Record historique du prix du blé
Agritel, société de conseil sur les marchés agricoles et agroalimentaires, a observé un record historique du prix du blé meunier sur le contrat à terme d’Euronext, la principale place boursière de la zone euro, lequel a frôlé les 300 €/t. Cette forte hausse, qui atteint un niveau de prix vieux de 14 ans, s’explique par une réalité fondamentale : l’offre de blé chez les grands exportateurs n’est pas suffisante pour répondre à la demande record des pays importateurs.

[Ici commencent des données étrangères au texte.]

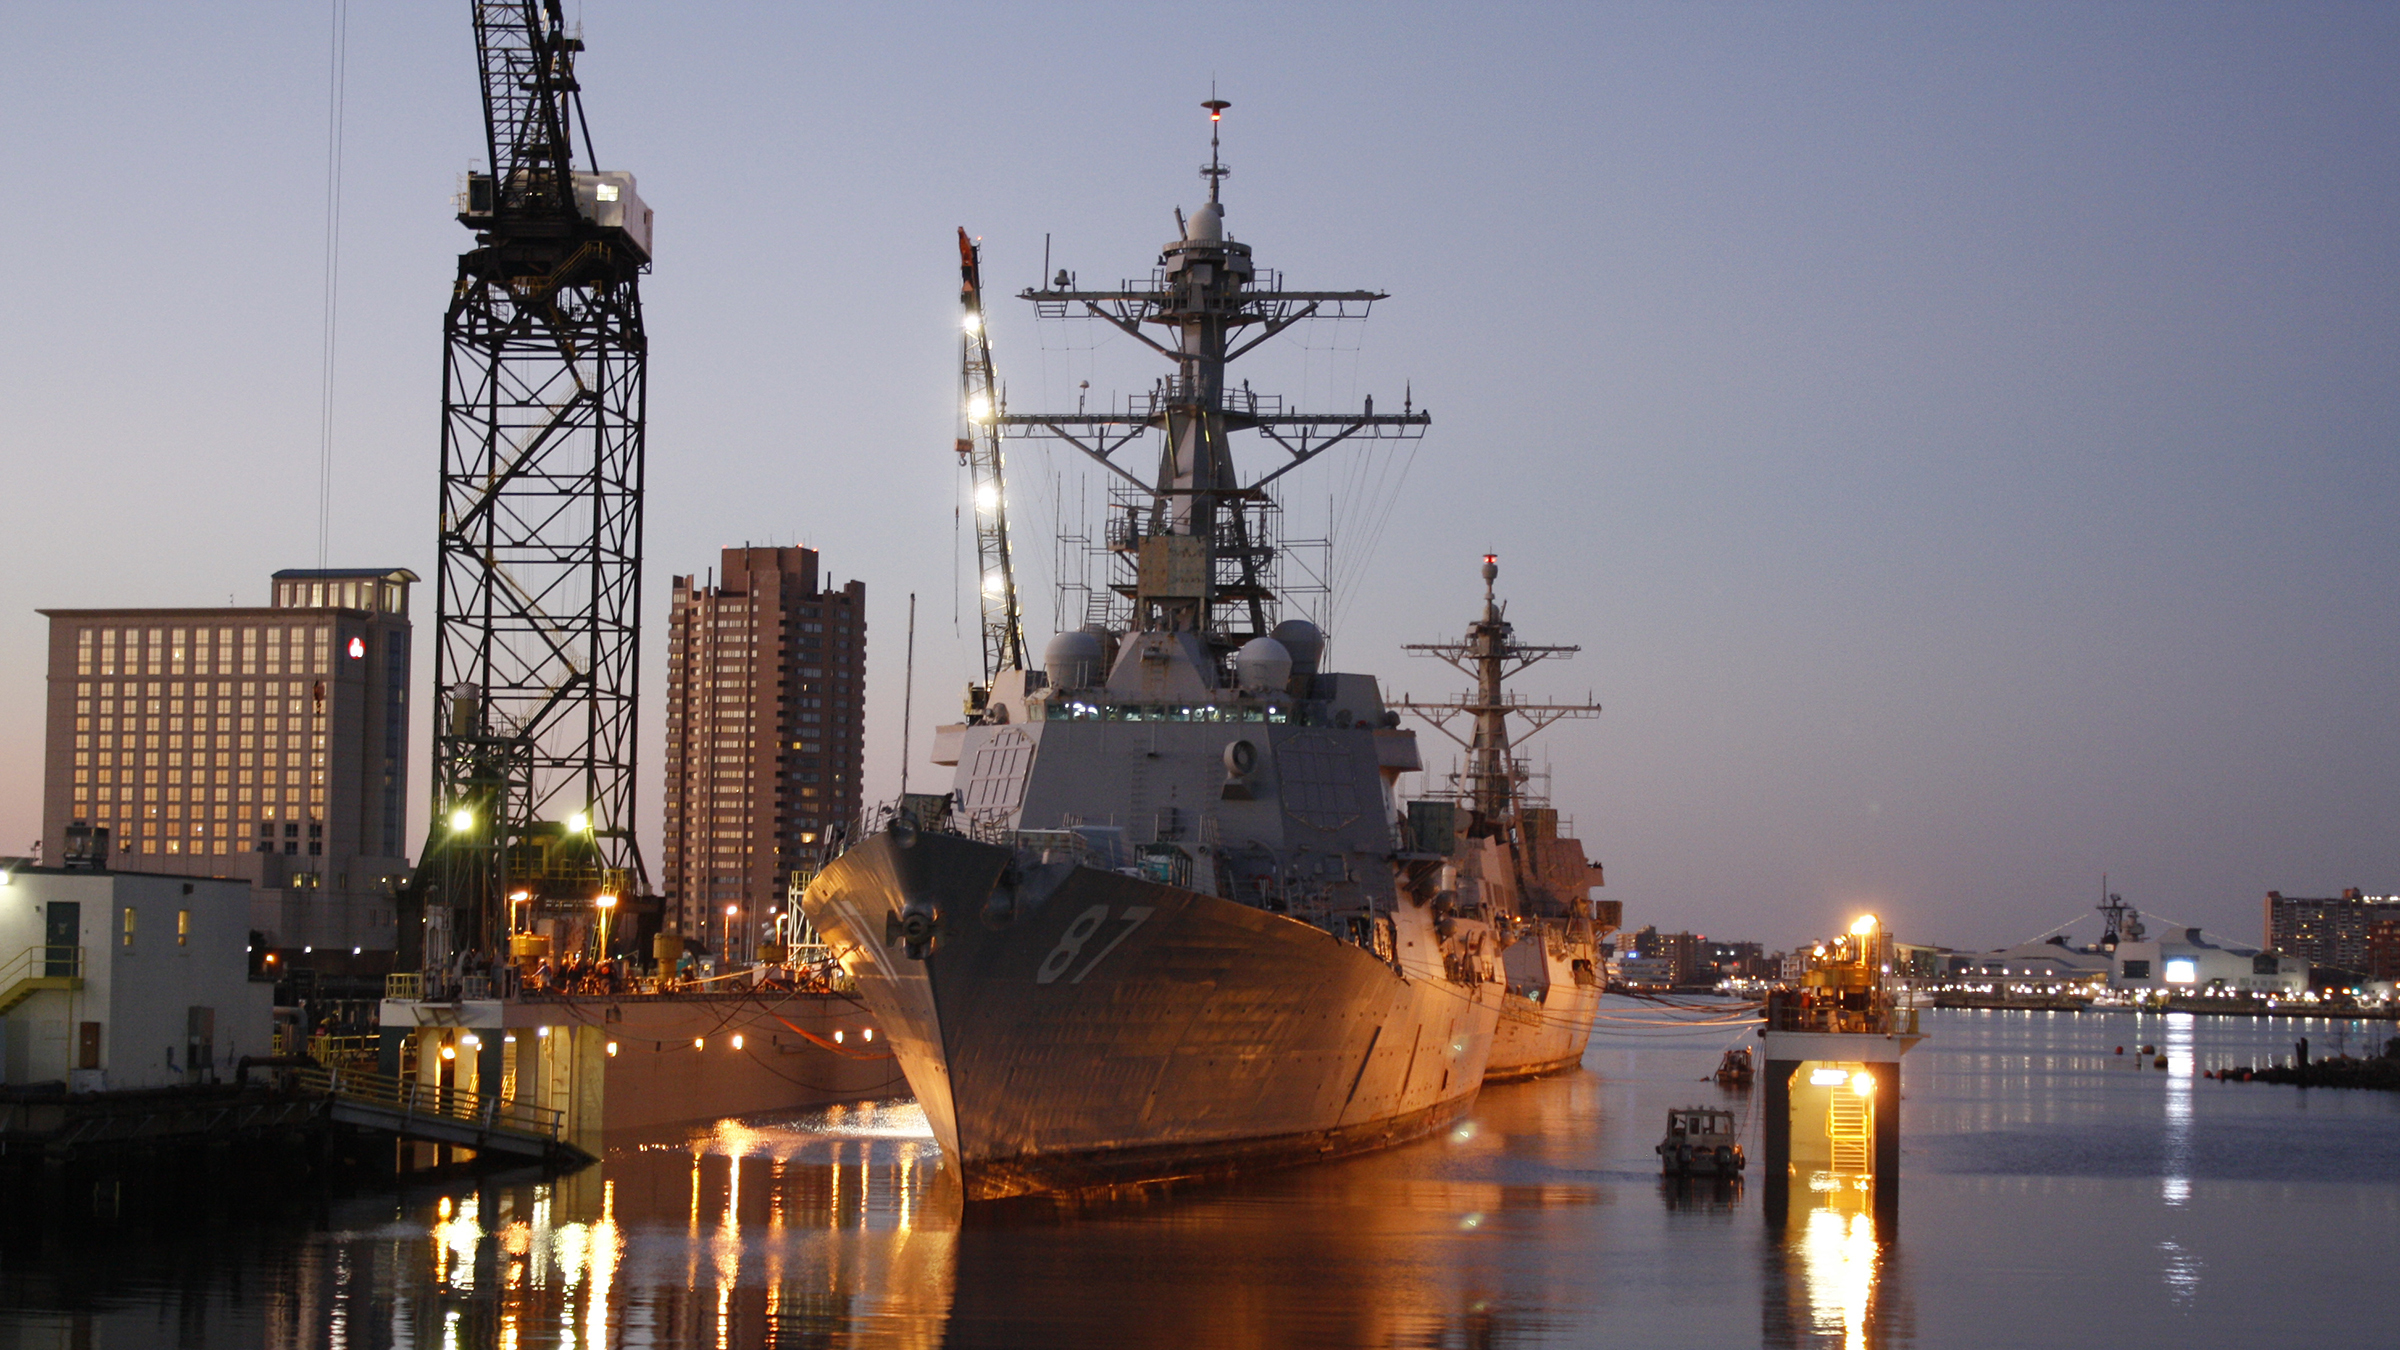 San Diego Naval Shipyard

« Côté récolte, les déboires sont connus depuis l’été dernier. Pertes de production au Canada, aux Etats-Unis et en Russie à la suite de canicules. Pertes de qualité et de production en Europe suite aux intempéries de juillet », explique Sébastien Poncelet, directeur du développement au sein du cabinet Agritel. Or, contrairement à l’offre, la demande ne faiblit pas, elle se multiplie. Le manque de maïs sur l’été et l’automne a soutenu la consommation de blé. Jamais les achats de blé n’ont été aussi forts que ces quatre derniers mois sur le marché mondial alors que les disponibilités à la vente ne suivent pas. À chaque nouvelle vague d’achats, les prix montent inlassablement. L’arrivée de la nouvelle récolte de maïs se présente comme record aux Etats-Unis et en Ukraine, et très bonne en Europe. Elle soulagera quelque peu la demande dans la filière animale mais ce ne sera probablement pas suffisant, d’après les analyses d’Agritel.

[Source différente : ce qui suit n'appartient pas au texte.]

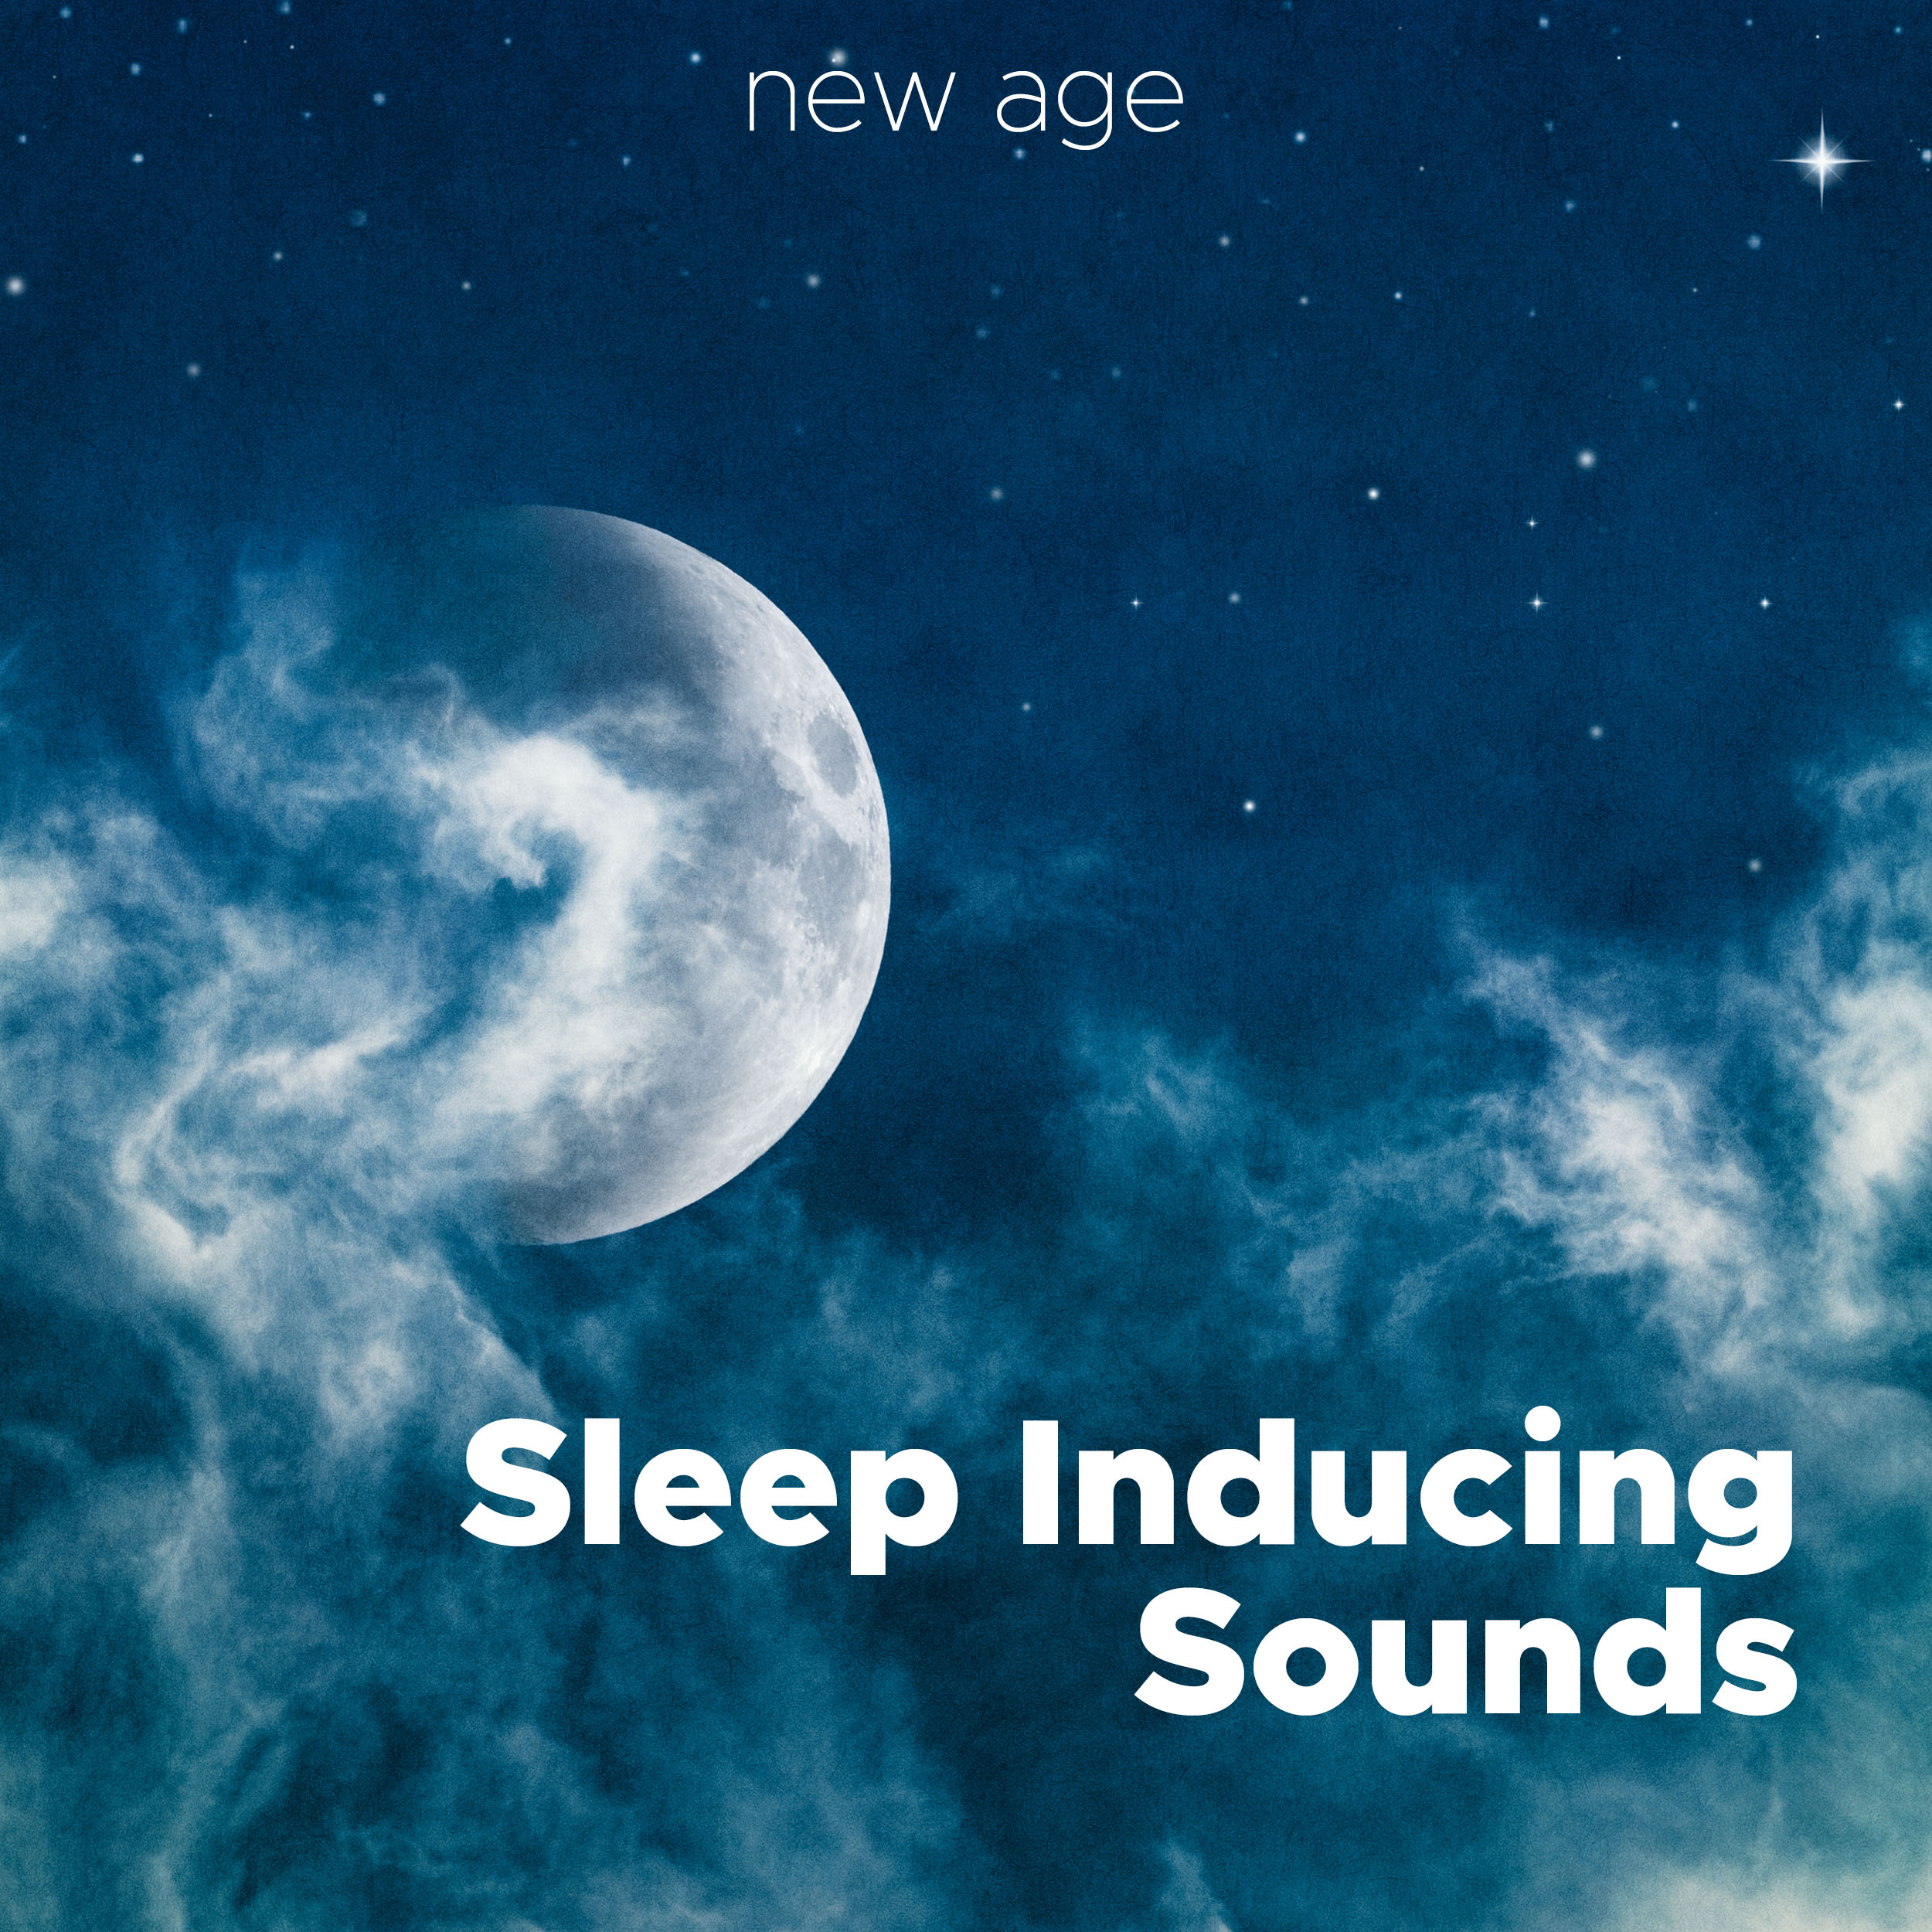 Sleep Inducing Sounds - Powerful Mental Massage Brain Music for Falling Asleep

« À travers cette hausse historique, le marché cherche à rationner la demande par le prix y compris la demande à destination de l’alimentation humaine. Il cherche également à stimuler une hausse de production pour l’année prochaine. Dans les deux cas, la tâche est délicate et l’objectif n’est pas encore atteint », déclare Sébastien Poncelet. Les menaces qui planent sur la prochaine récolte ne font que rajouter de l’huile sur le feu avec d’ores et déjà des levées de blé perturbées par le manque de précipitations en mer Noire ou aux Etats-Unis. Il ne faut pas oublier la flambée des prix des engrais azotés doublée de risques de pénuries qui pourraient compromettre l’obtention d’une bonne production en 2022 pourtant indispensable pour remettre les stocks à flot.

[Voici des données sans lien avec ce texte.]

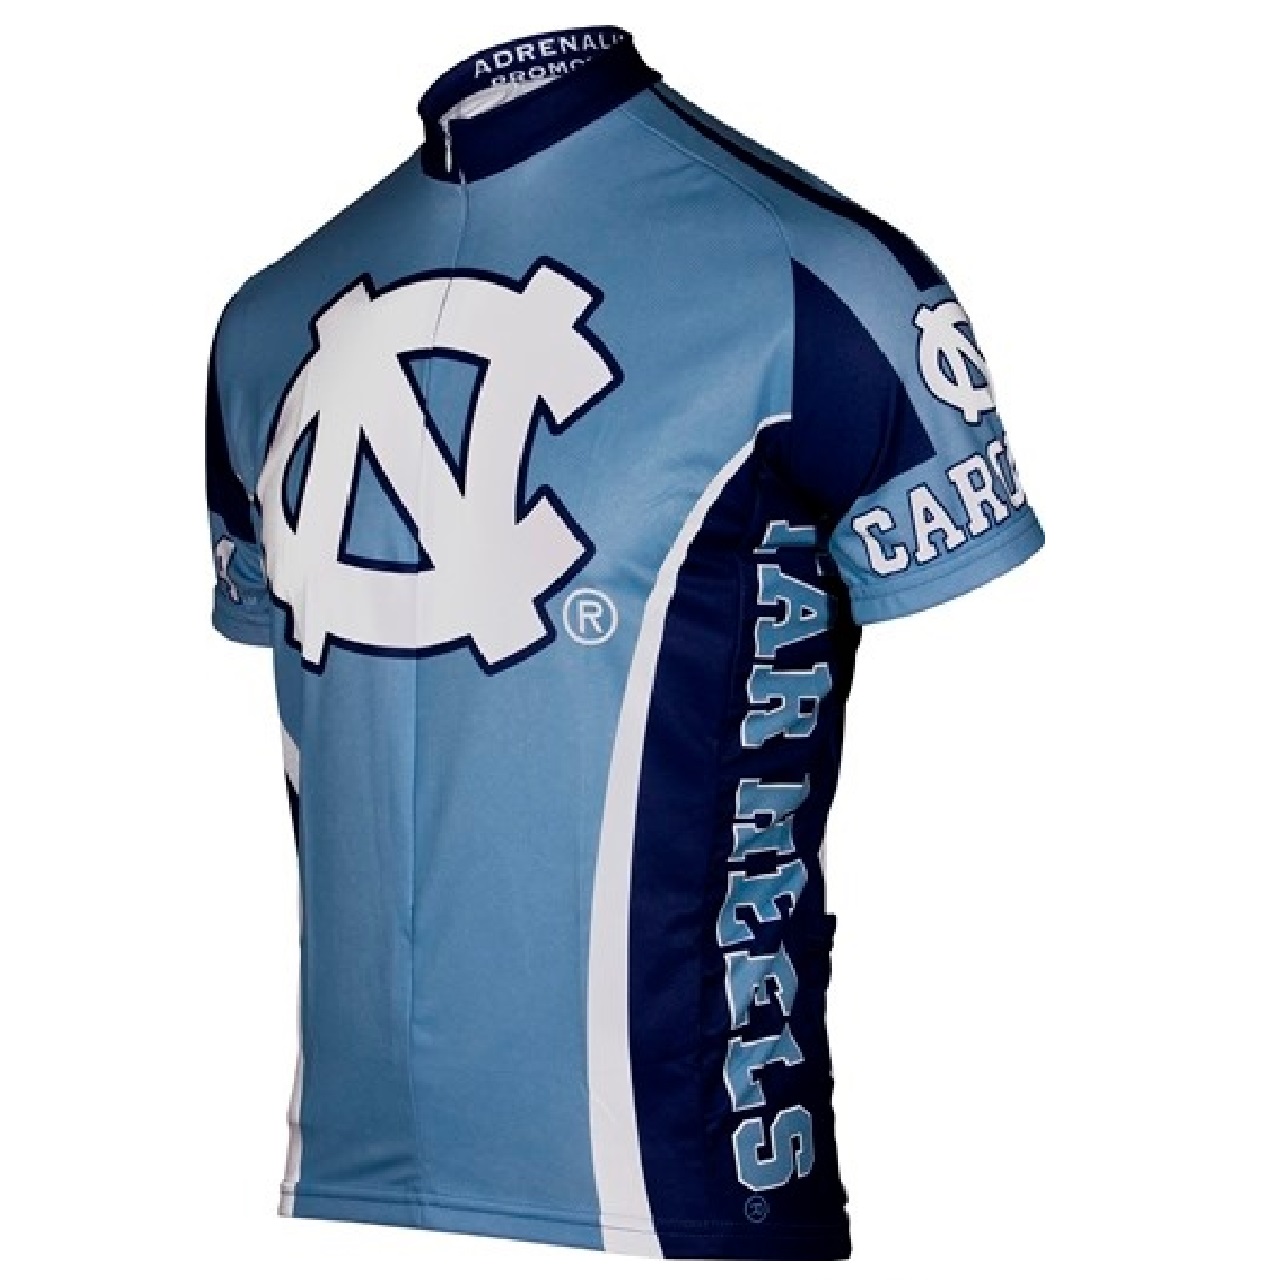 Adrenaline Promo University of North Carolina College 3/4 zip Men's Cycling Jersey

Hausse du prix du blé et répercussions sociales
« Du blé au pain il n’y a qu’un pas. C’est la nourriture de base d’une partie de l’humanité qui est menacée. L’instabilité alimentaire dans les pays les plus dépendants aux importations s’annonce d’autant plus importante que les huiles végétales flambent également sur des niveaux de prix record », ajoute Sébastien Poncelet. L’indice alimentaire de la FAO est de retour sur les plus hauts du printemps 2008 et 2011, à l’époque des émeutes de la faim et des bouleversements politiques dans certaines zones du monde.
Agritel estime que les filières agricoles françaises sont aussi malmenées. Pour les producteurs céréaliers, les aléas climatiques, l’explosion du coût des intrants et la volatilité extrême des cours des grains rendent l’activité à haut risque économique. Pour les éleveurs, c’est l’existence même de ce métier qui peut être remis en cause si le prix des viandes, des produits laitiers ou des œufs n’augmentent pas à proportion de la hausse des matières premières. « Les intentions françaises d’une juste rémunération des agriculteurs selon leur coût de production dans le cadre de la nouvelle Loi Egalim 2 sont certes louables mais atteindront rapidement leurs limites dans un marché commun européen et dans une compétition mondiale », estime Sébastien Poncelet.